Judgment, Supreme Court, Bronx County (Joseph E. Capella), entered January 23, 2020, after a jury trial, inter alia, awarding plaintiff $7 million for past pain and suffering and $23 million for future pain and suffering, upon plaintiff's stipulation to reduce the jury awards for these damages, and bringing up for review an order, same court and Justice, entered on or about November 27, 2019, which denied the doctor defendants' motions to set aside the verdict, and denied defendant St. Barnabas Hospital's motion for a collateral source hearing and granted its motion for common-law indemnification by the Adler defendants, unanimously modified, on the law and the facts, to grant St. Barnabas Hospital's motion for a collateral source hearing, and to vacate the awards for past and future pain and suffering and direct a new trial of those damages unless plaintiff stipulates, within 30 days of entry of this order, to reduce the award for past pain and suffering from $7 million to $3 million and from $23 million for future pain and suffering to $7 million, and otherwise affirmed, without costs. Appeal from aforesaid order unanimously dismissed, without costs, as subsumed in the appeal from the judgment.
The jury verdict that the doctor defendants departed from good and accepted medical practice in their treatment of plaintiff after she was admitted to the hospital for an asthma attack and that their departures were a substantial factor in causing her brain injury was supported by legally sufficient evidence and was not against the weight of the evidence (see generally Cohen v. Hallmark Cards, Inc., 45 N.Y.2d 493, 499, 410 N.Y.S.2d 282, 382 N.E.2d 1145 [1978]).
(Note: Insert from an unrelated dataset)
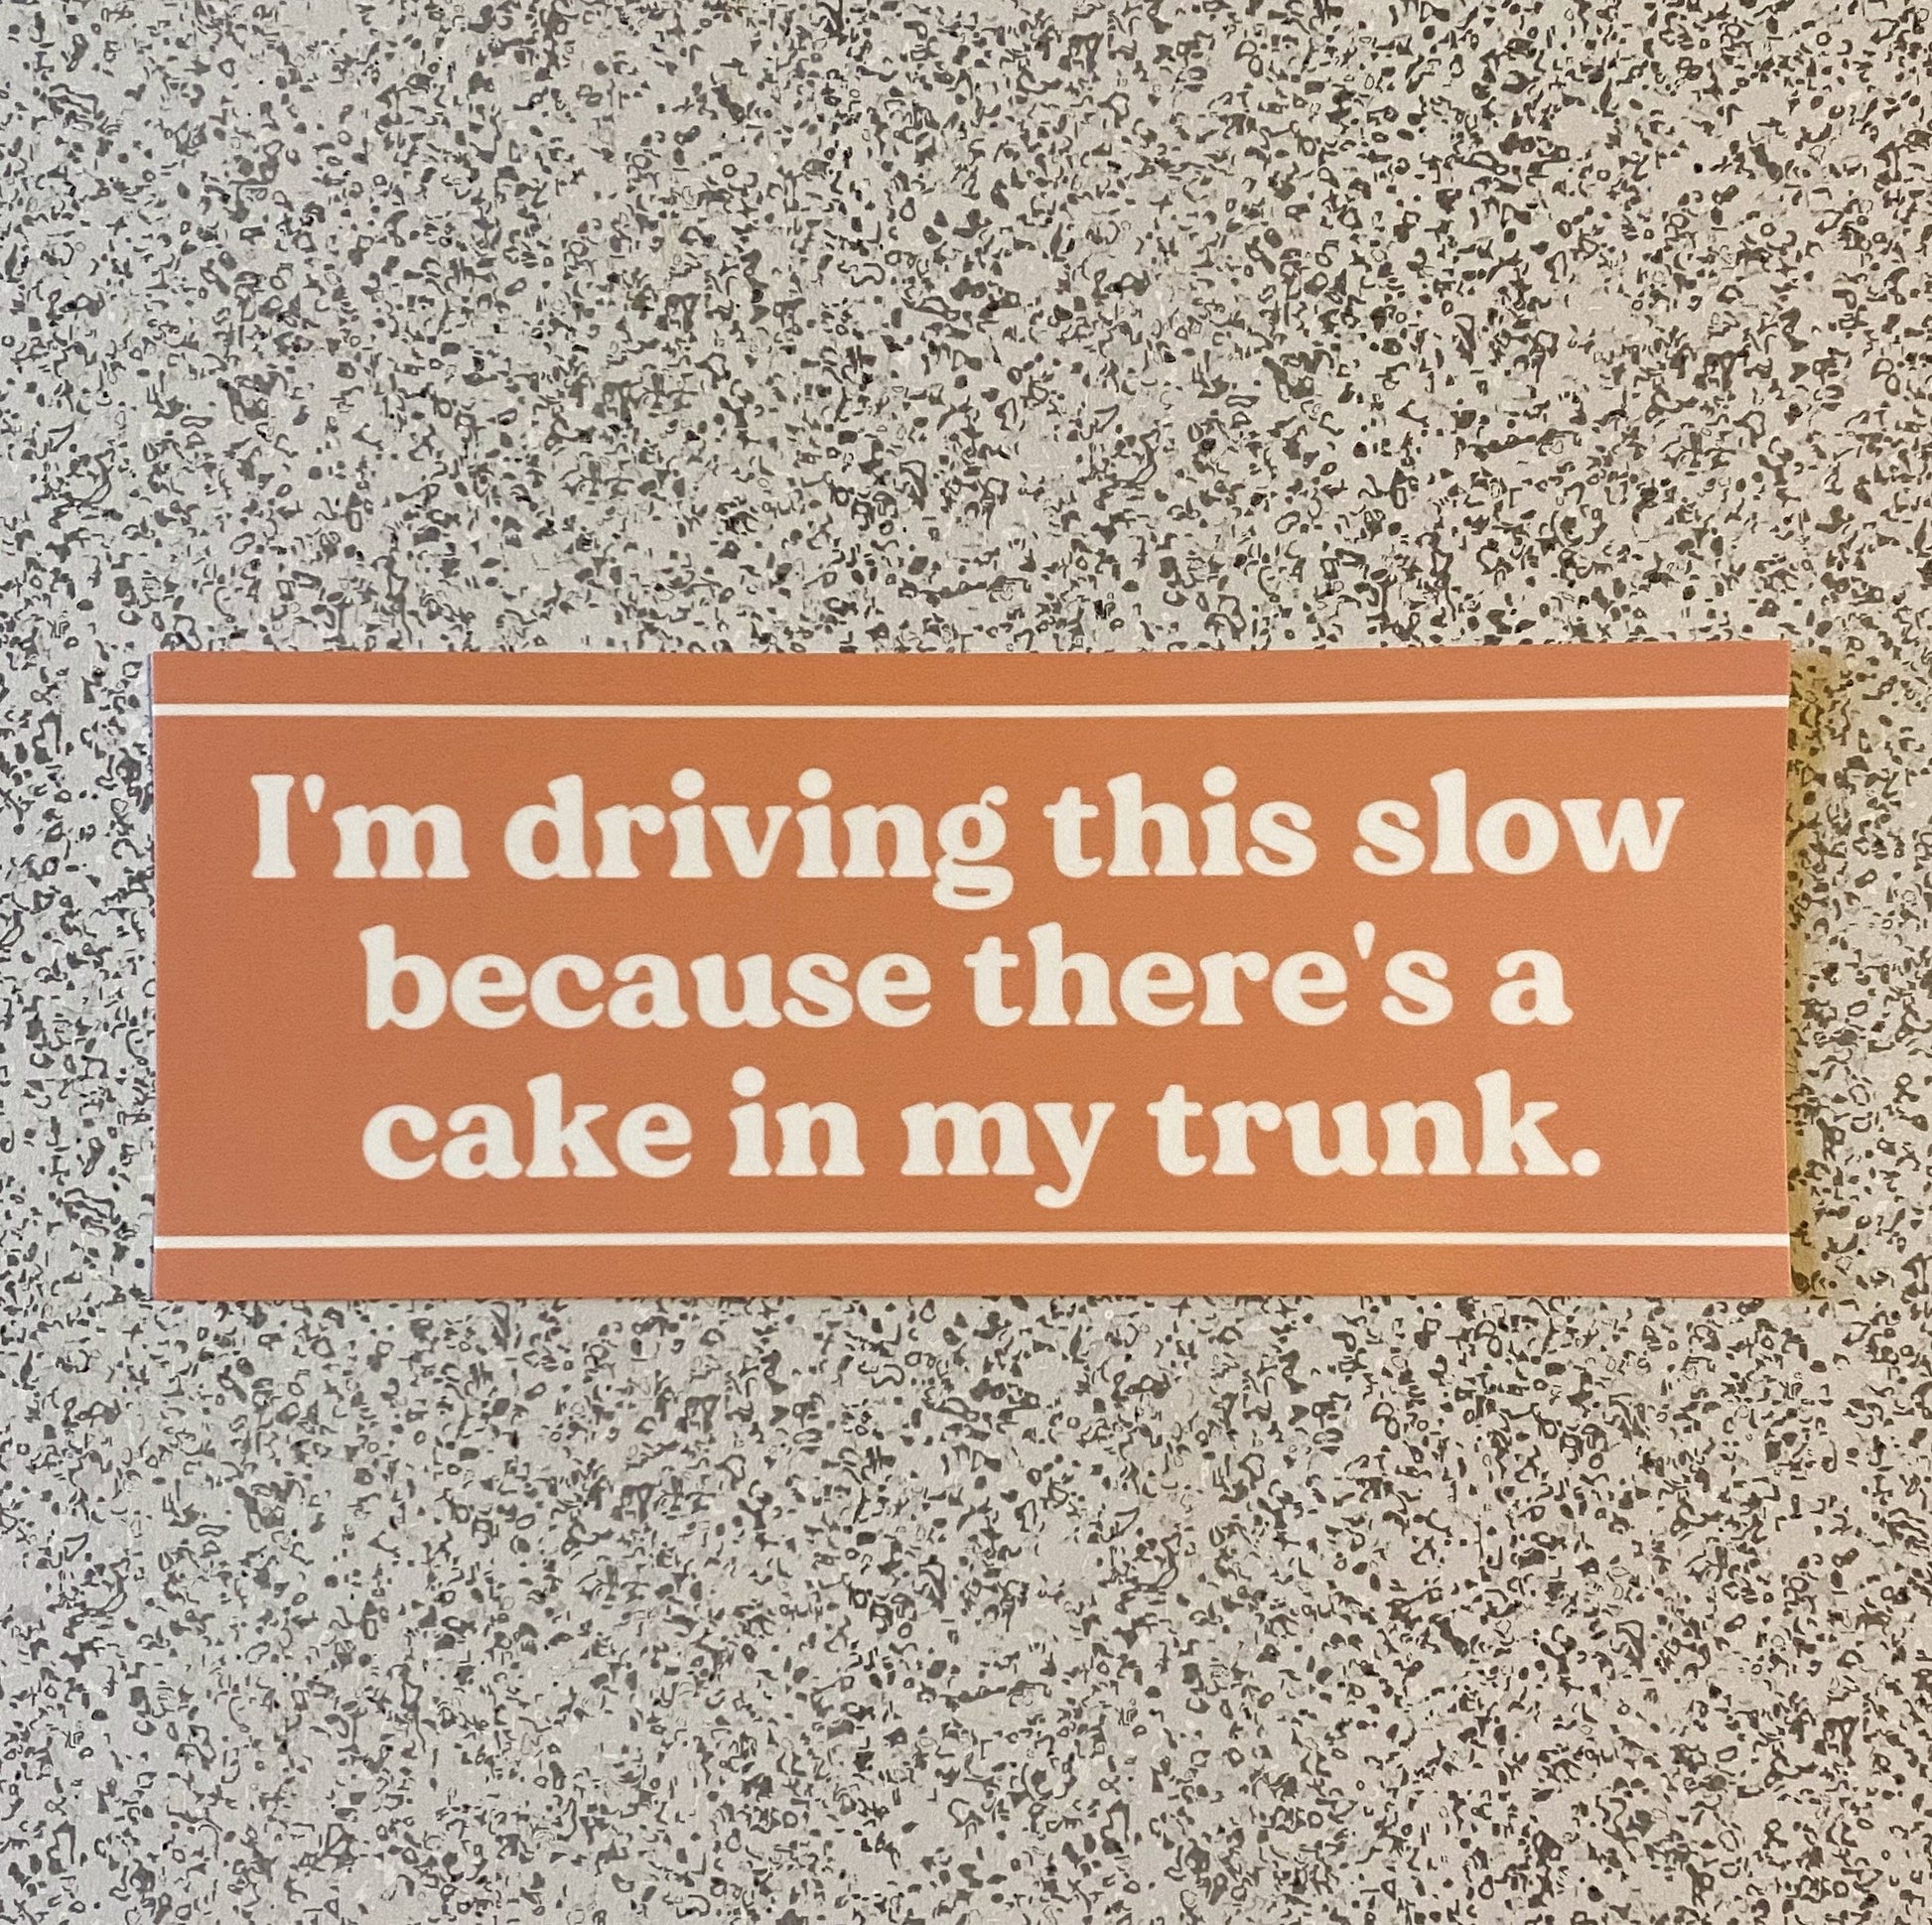 A funny orange bumper sticker with the words "I'm driving this slow because there's a cake in my trunk" in white

Plaintiff's expert testified that the doctors committed multiple departures from accepted practice in their treatment of plaintiff and failed to appropriately treat her fluid overload, kidney failure, acidosis, and hypercapnia, which were substantial factors in causing cerebral edema and seizures, leading to permanent brain injury.
We find that the reduced award of $30 million for past and future pain and suffering deviates materially from reasonable compensation to the extent indicated (CPLR 5501[c]; compare Angamarca v. New York City Partnership Hous. Dev. Fund Inc., 87 A.D.3d 206, 927 N.Y.S.2d 2 [1st Dept. 2011], appeal withdrawn 18 N.Y.3d 856, 938 N.Y.S.2d 862, 962 N.E.2d 287 [2011]; Paek v. City of New York, 28 A.D.3d 207, 812 N.Y.S.2d 83 [1st Dept. 2006], lv denied 8 N.Y.3d 805, 831 N.Y.S.2d 107, 863 N.E.2d 112 [2007]).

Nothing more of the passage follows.